His companion dug him in the ribs. 'Like when me take too many bedclothes and you kick I out of bed, or me drink your wine and you make I drink three guts of laxative beer, or when you pregnanted that governor’s daughter and him set the Strategic Debt Collectors on you, or someplace doesn’t pay all its taxes and Its Majesty orders the first born of every family have their Birth Certificates endorsed, or…?'
Mc9, who was well used to his companion employing the verbal equivalent of a Reconnaissance By Fire, held up one hand to stem this flood of examples. His companion continued mumbling away despite the hand over his mouth. Finally the mumbling stopped.

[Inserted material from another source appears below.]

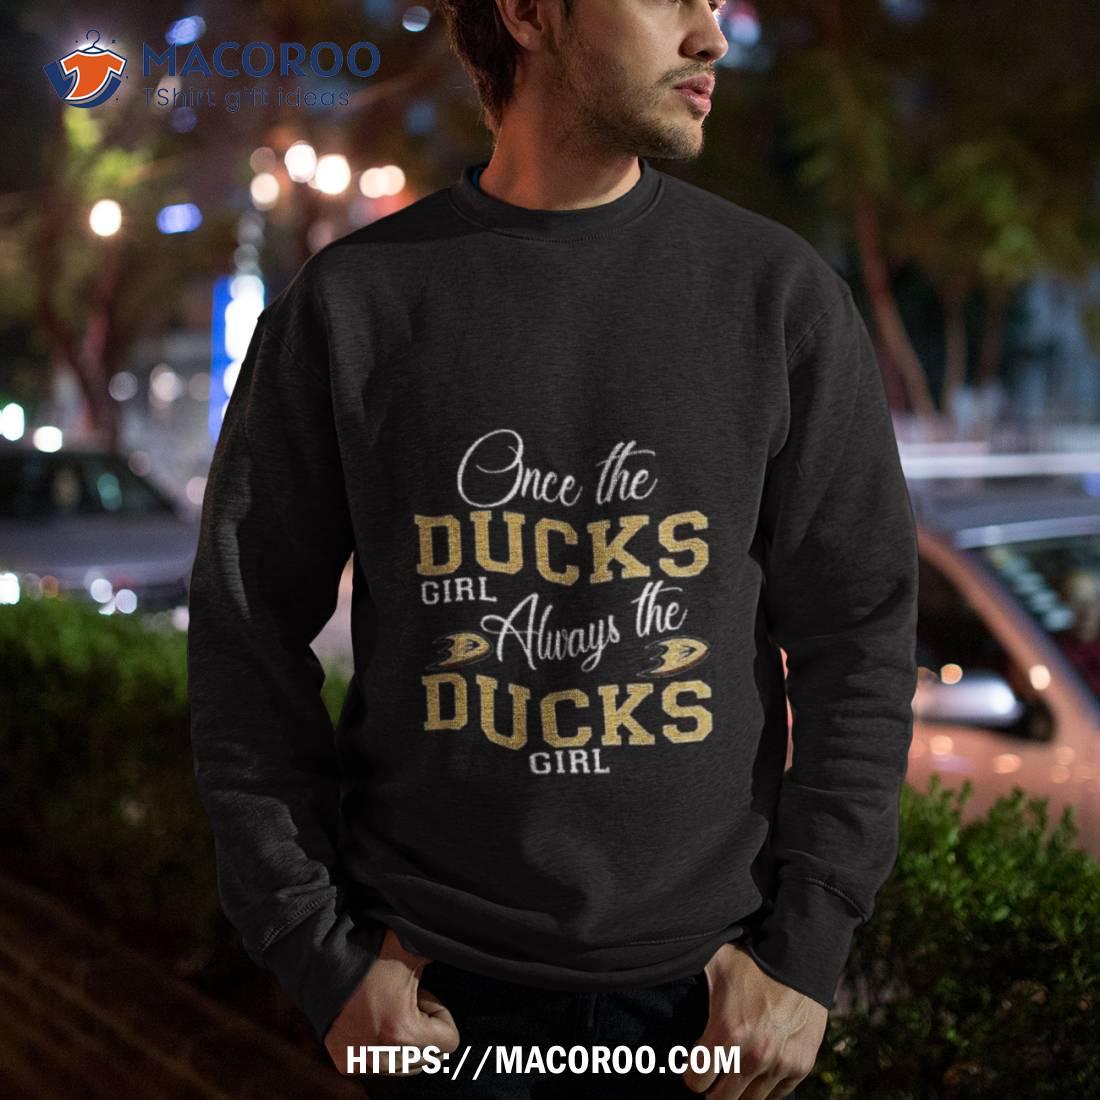 Vintage 90s Anaheim Mighty Ducks Shirt, Trendy Crewneck Unisex Hoodie

'Yes,' Mc9 told him. 'That’s right.' He took his hand away.
'Or is it like when—?'
'Hey,' Mc9 said brightly. 'How about I tell you a story?'
'Oh, a story,' beamed his companion, clutching at Mc9’s sleeve in anticipation. 'A story would be… ' his grimy features contorted like a drying mudflat as he struggled to find a suitable adjective. '… Nice.'
'OK. Let go my sleeve and pass me the wine to wet my throat.'
'Oh,' Mc9’s companion said, and looked suddenly wary and doubtful. He glanced over the front of the cart, past the snoring driver and the toiling beast pulling them, and saw the City, still just a distant shimmer at the end of the Road’s bleached ribbon of bone. 'OK,' he sighed.
He handed the wineskin to Mc9, who guzzled about half of what was left before the squealing, protesting companion succeeded in tearing it from his grasp, spilling most of the remainder over the two of them and squirting a jet of the liquid spattering over the neck of the snoring driver, and on out as far as the head of the horse-like animal (which lapped appreciatively at the drops spilling down its sweat-matted face).
The decrepit driver woke with a start and looked around wildly, rubbing his damp neck, waving his frayed whip and apparently fully expecting to have to repel robbers, cut-throats and villains.